What the task requires: Transcribe exactly the lines below that begin at the line with "Arne Jacobsen Hotel" and stop after the line with "Conversion thank you", leaving out every picture.

The records:
---
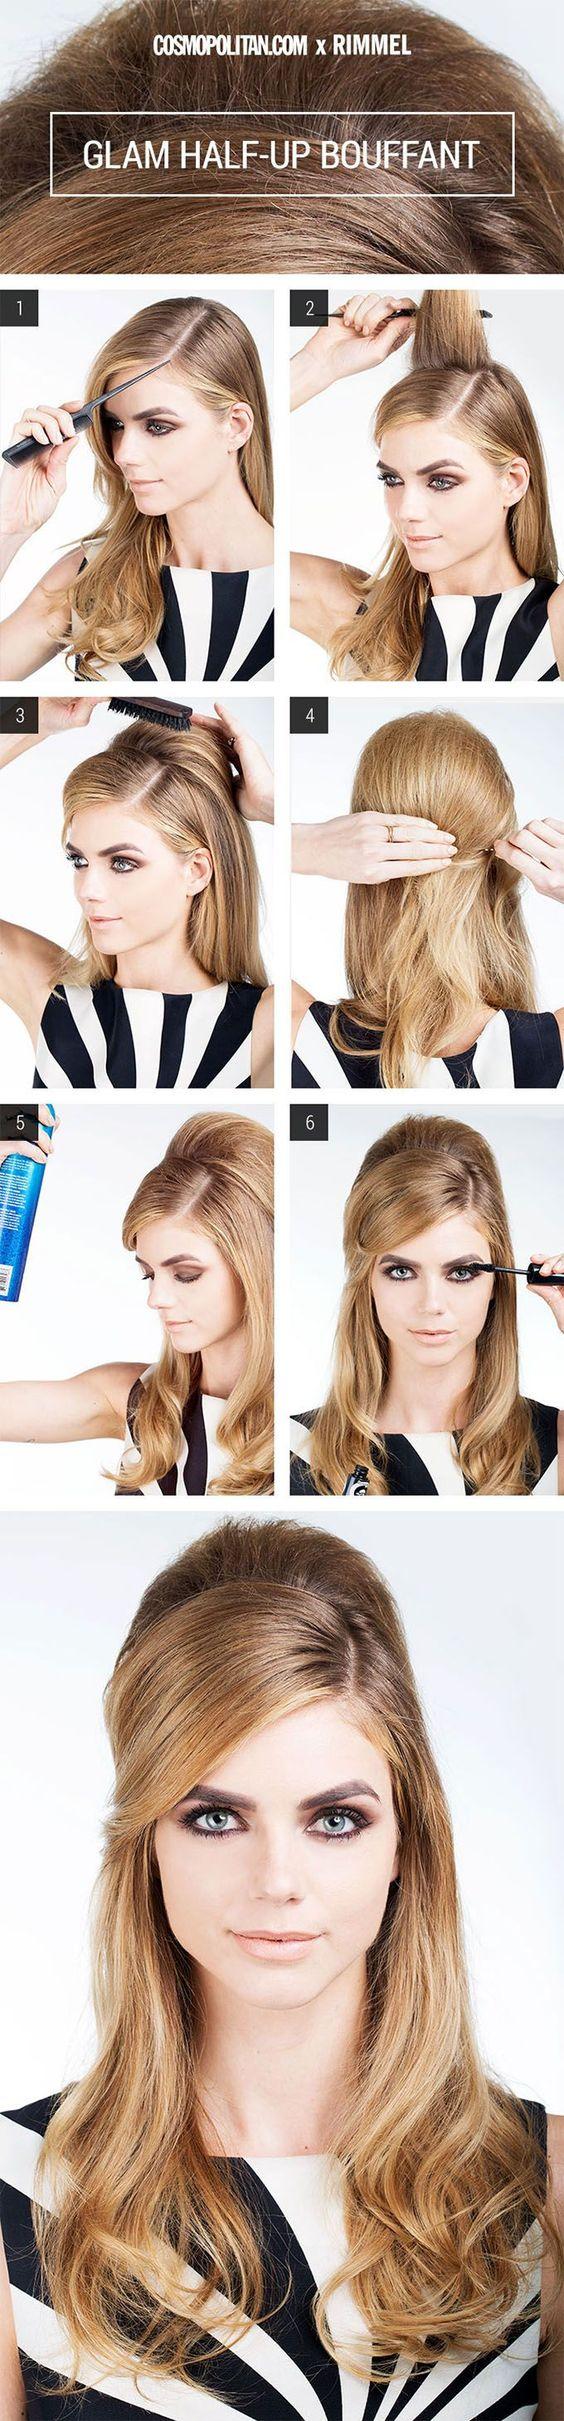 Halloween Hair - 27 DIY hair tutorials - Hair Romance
---
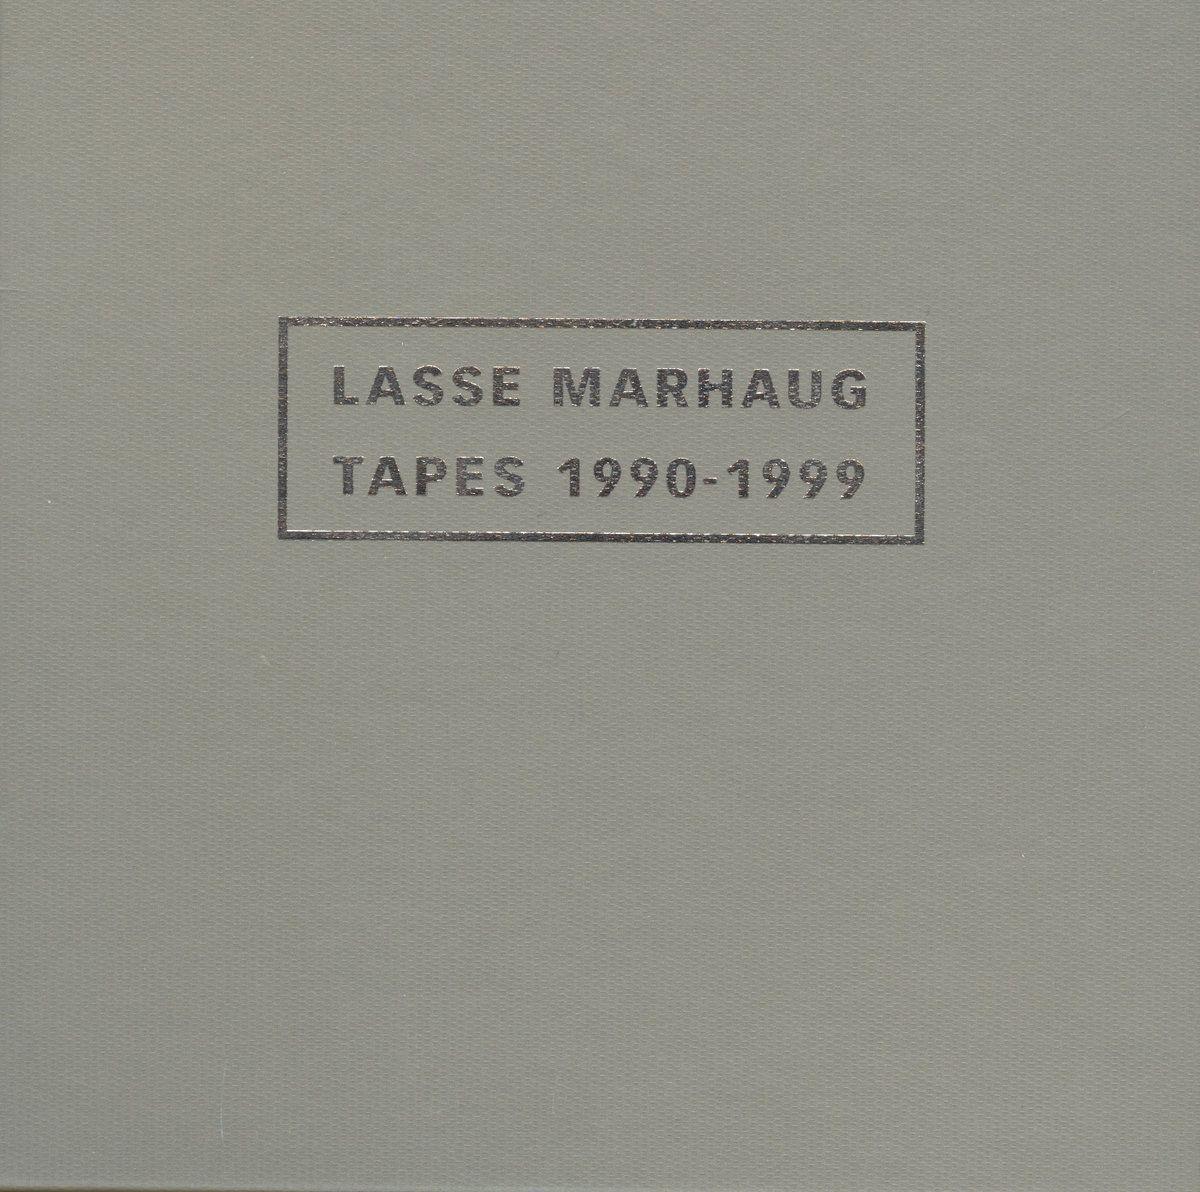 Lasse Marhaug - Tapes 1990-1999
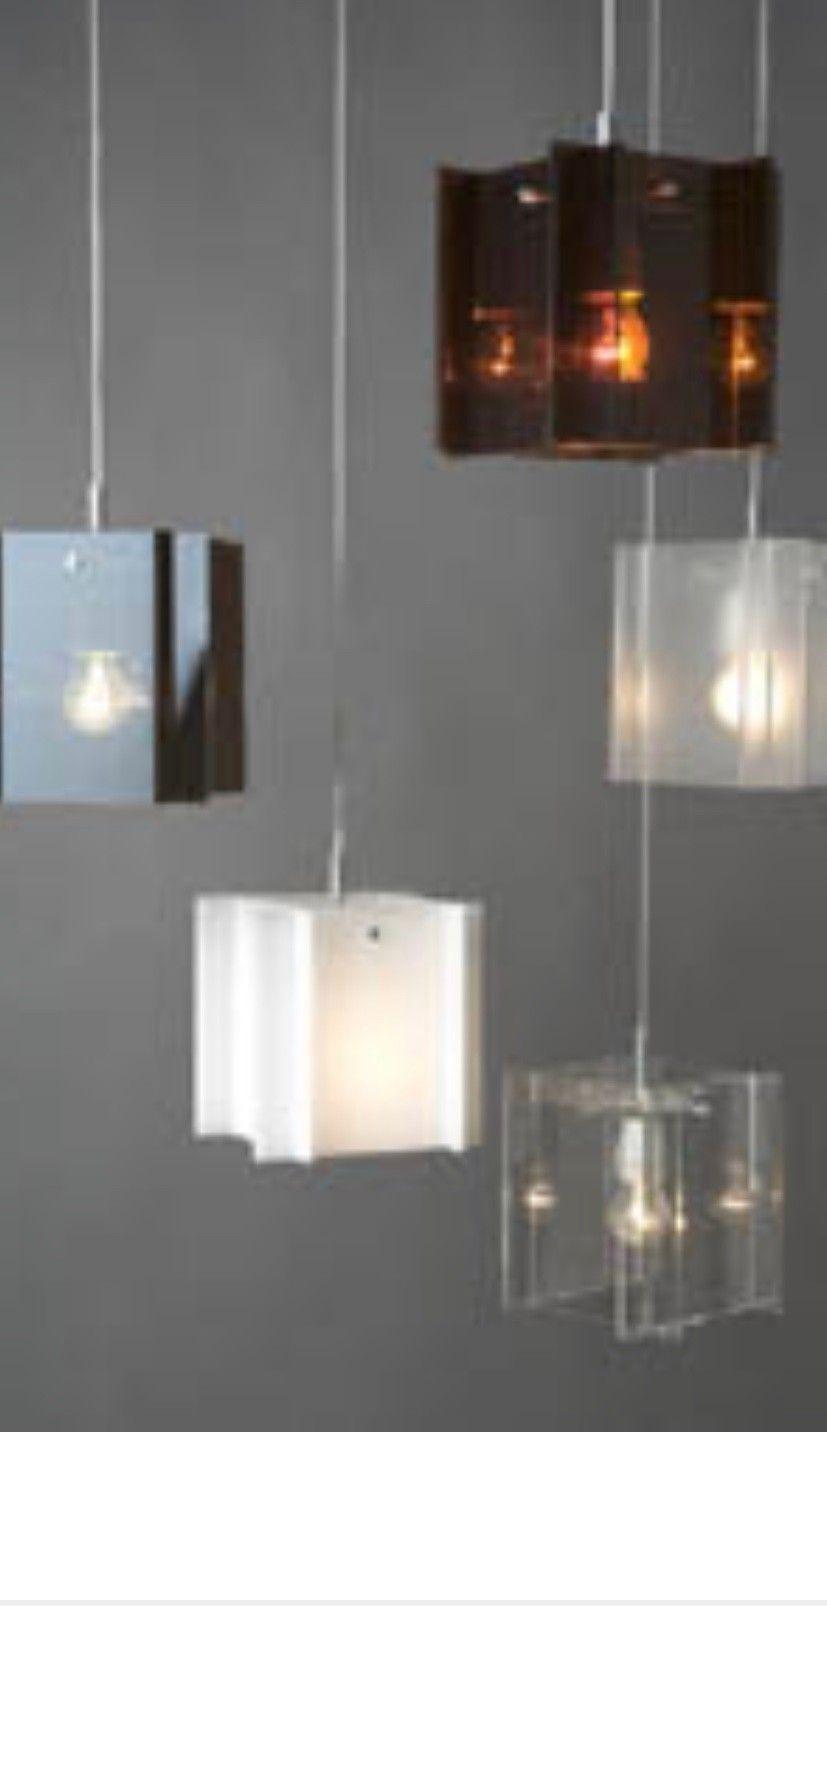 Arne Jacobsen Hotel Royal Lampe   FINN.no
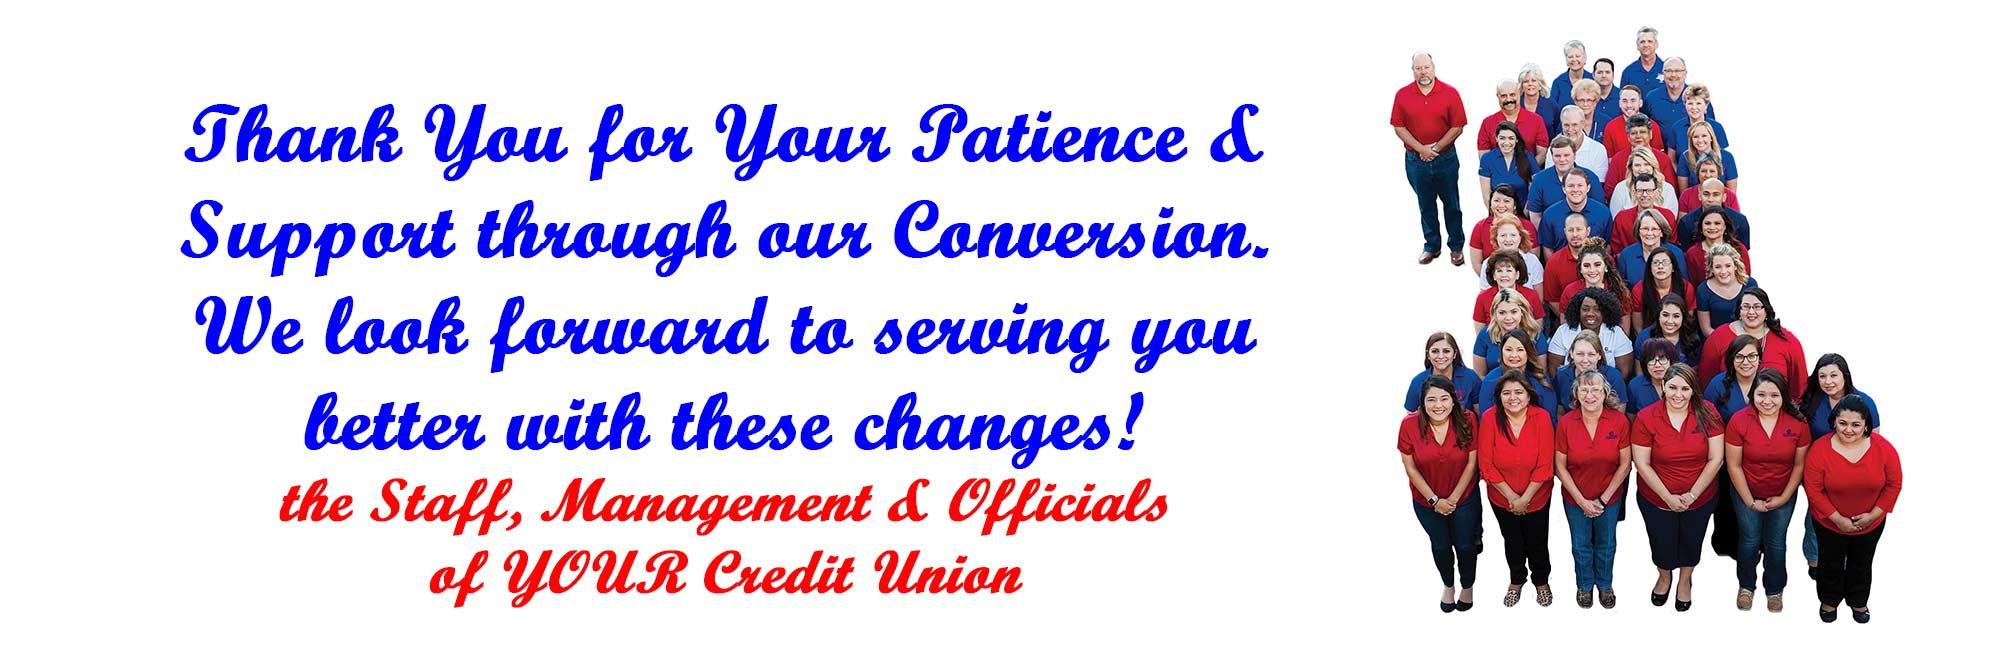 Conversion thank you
---
Your response:
 Arne Jacobsen Hotel Royal Lampe   FINN.no
 Conversion thank you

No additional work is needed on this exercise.